Friday, September 5, 2014

Dear Friends, by Christopher L. Webber

Here's an ambitious project: how about an updating of the letters of Paul for the church in the United States today?  That's exactly the task Christopher L. Webber, Episcopal pastor and writer, takes on in Dear Friends: The Letters of St. Paul to Christians in America.  With a great sense of Paul's style and theology, Webber gives a modern take on Paul.

The result is not quite what I expected, but was enjoyable nonetheless.  Webber's book is more than a new translation or paraphrase of Paul's writing, but not a whole lot more.  He retains the essential structure of the epistles, with much of the same phrases and wording that Paul uses, yet with Webber's own voice, so the text was constantly familiar yet fresh.

Some of the best bits were the modern cultural references, but even then, as you might expect, the concerns are timeless.  For instance, Paul writes, "You cannot drin gthe cup of the Lord and the cup of demons, too." (1 Cor. 10:21, NIV)  Webber's parallel is convicting, if not exactly equivalent: "You cannot pay more for sports events than you give to your church or spend more at restaurants than you give to the poor."  Ouch.  Tough reminders of our tendency toward idolatry.

Another example from 1 Corinthians:  In chapter 14, Paul reminds his readers not to focus on their own edification when exercising the gifts of tongues and prophecy.  Expanding on that idea, Webber writes: "You measure a congregation by attendance and provide convenient parking, comfortable seating, and the music of the secular world yet your divorce rate is growing, poverty is increasing, and anger and divisiveness are more evident every year.  I see little difference between the lives Christians live and the lives of those around you."

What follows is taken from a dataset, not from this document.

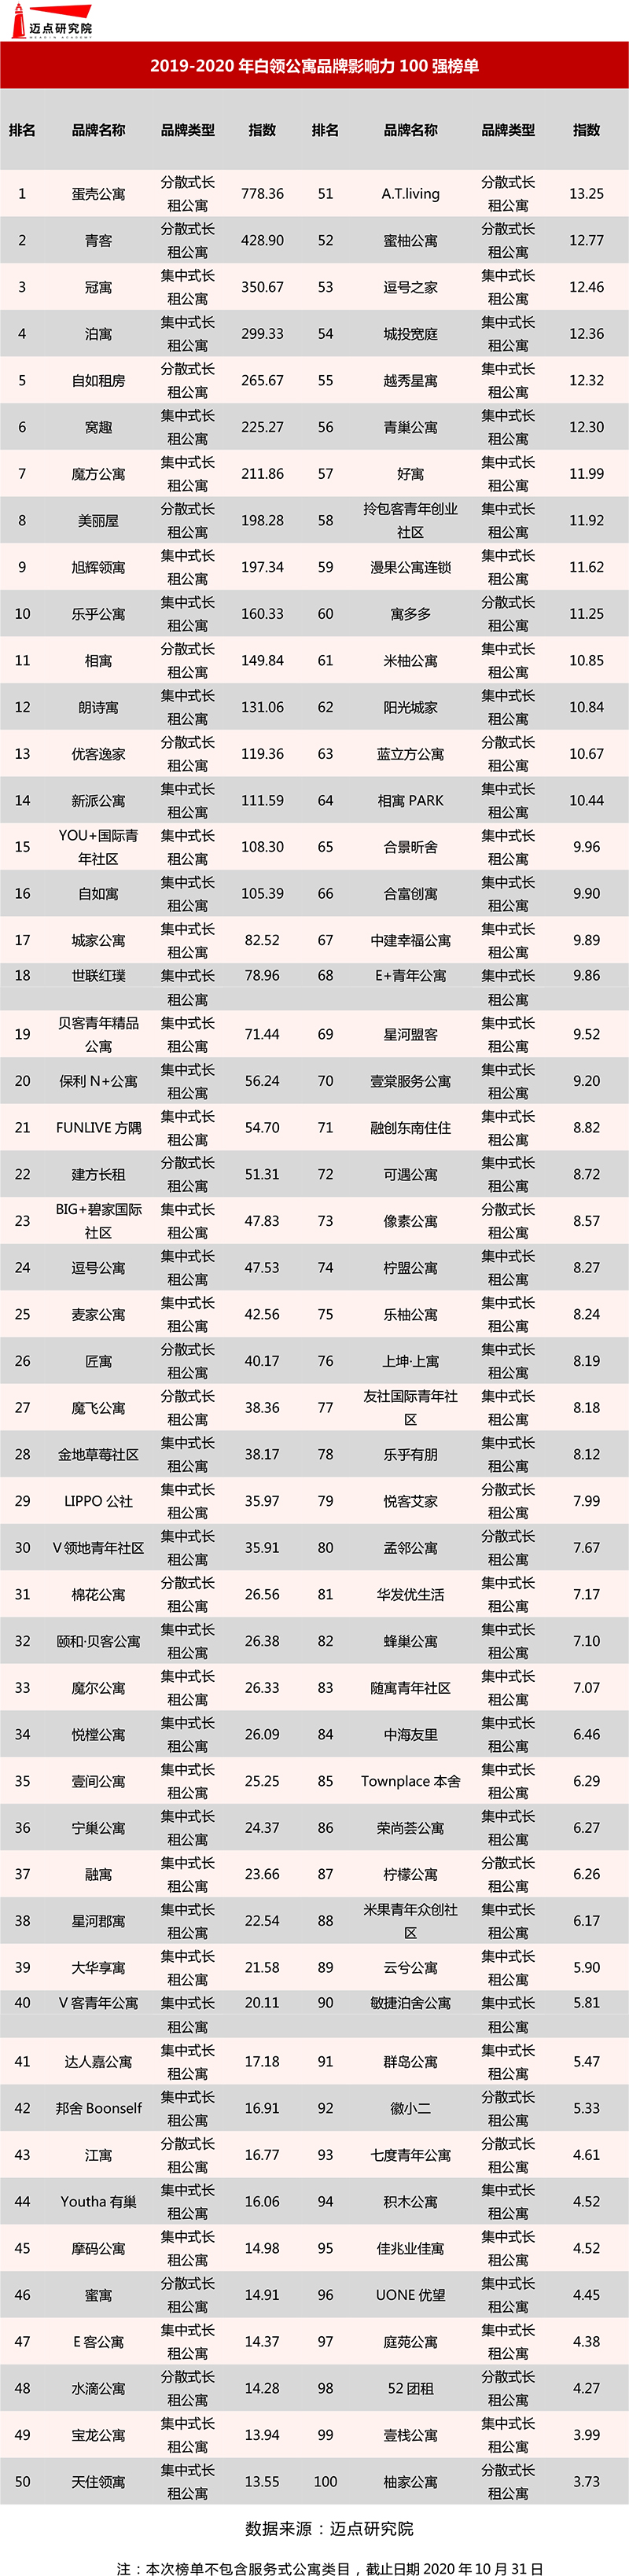 2019-2020年白领公寓品牌影响力100强榜单(初版）.jpg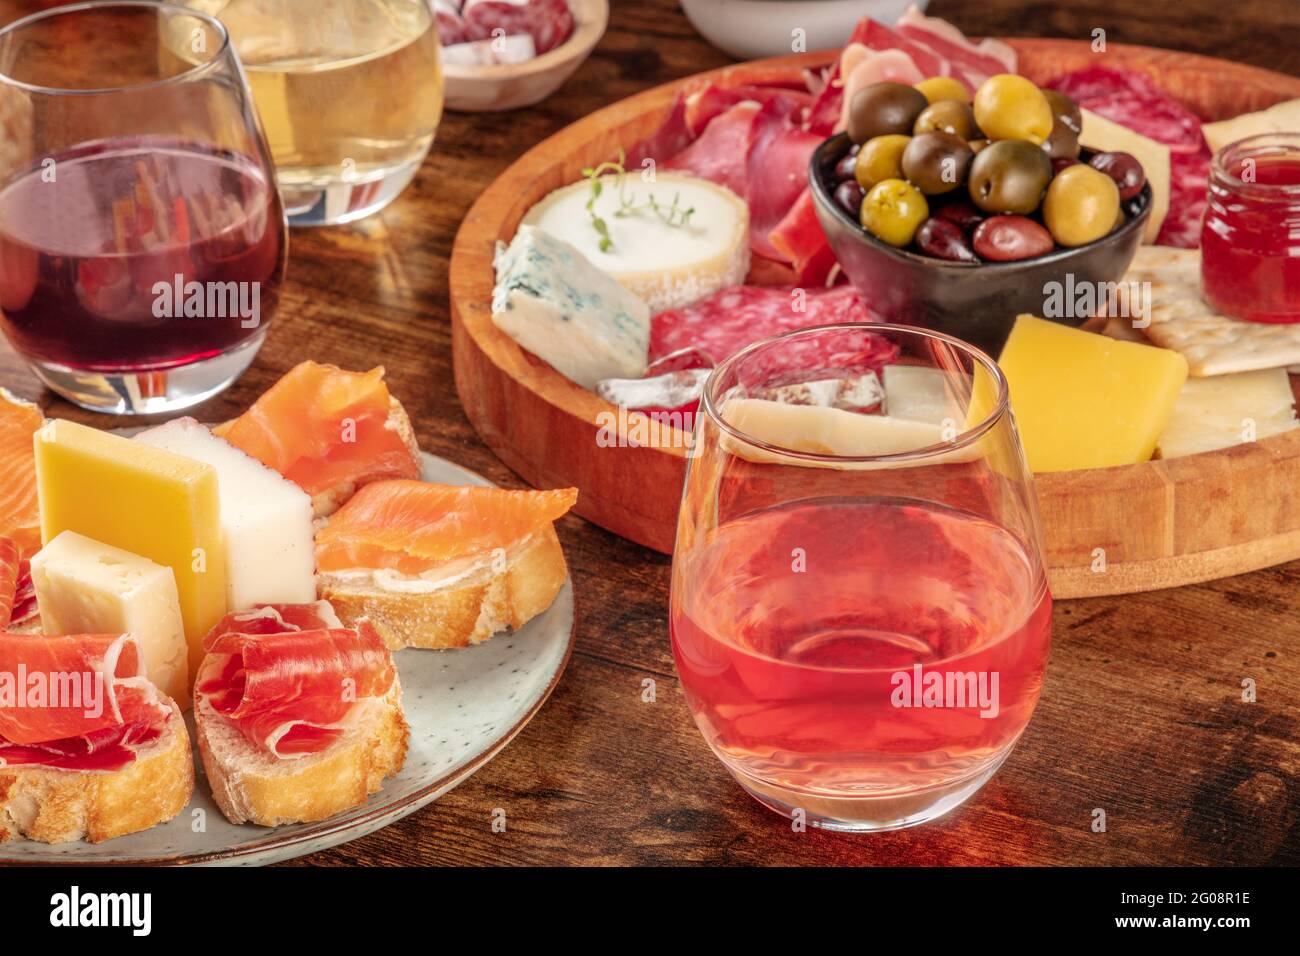 Wein, Sandwiches, Wurstwaren und Käseplatte auf rustikalem Holzhintergrund. Spanische Tapas oder italienische Antipasti auf einem Tisch in einer Bar Stockfoto

I cringed a couple of times, as Webber allowed his liberal (read: more liberal than I am) tendencies to come through.  In his version of 1 Corinthians 7, on marriage, Webber has Paul clearly endorsing same-sex marriage.  "As to faithful marriage between two men or between two women, I find no guidance in scripture. . . . Why should the church not ask God's blessing on that relationship?"  I find it hard to believe that Paul would agree.

He later rejects a legal ban on abortion, in Galatians 2, which deals with Jews who want Gentile Christians to follow Jewish customs.  "Are you not also returning to the bondage of the law when you deny all access to medical help for those who cannot face the difficulties of childbirth? . . . I wish all abortion clinics could be closed this very day, but I cannot force my opinion on others whose circumstances and motives are unknown to me. . . . I will not turn to the law to compel them against their will."  Molech is alive and well, and accepting sacrifices daily.

Sorry if it seems I'm unfairly focussing on some quibbles.  All told, Webber stays very true to Pauline theology.  Reading Dear Friends is much like reading the Bible.  I think most of us take Paul in little doses.  I can't think of when I've ever read Paul's letters straight through in a couple of sittings.  That's really the best feature of Dear Friends.  It points the reader back to scripture, encouraging all of us to pick up the Bible and reflect on God's message for today in these ancient pages.  Webber is to be commended for that, if nothing else.

Thanks to Edelweiss and the publisher for the complimentary electronic review copy!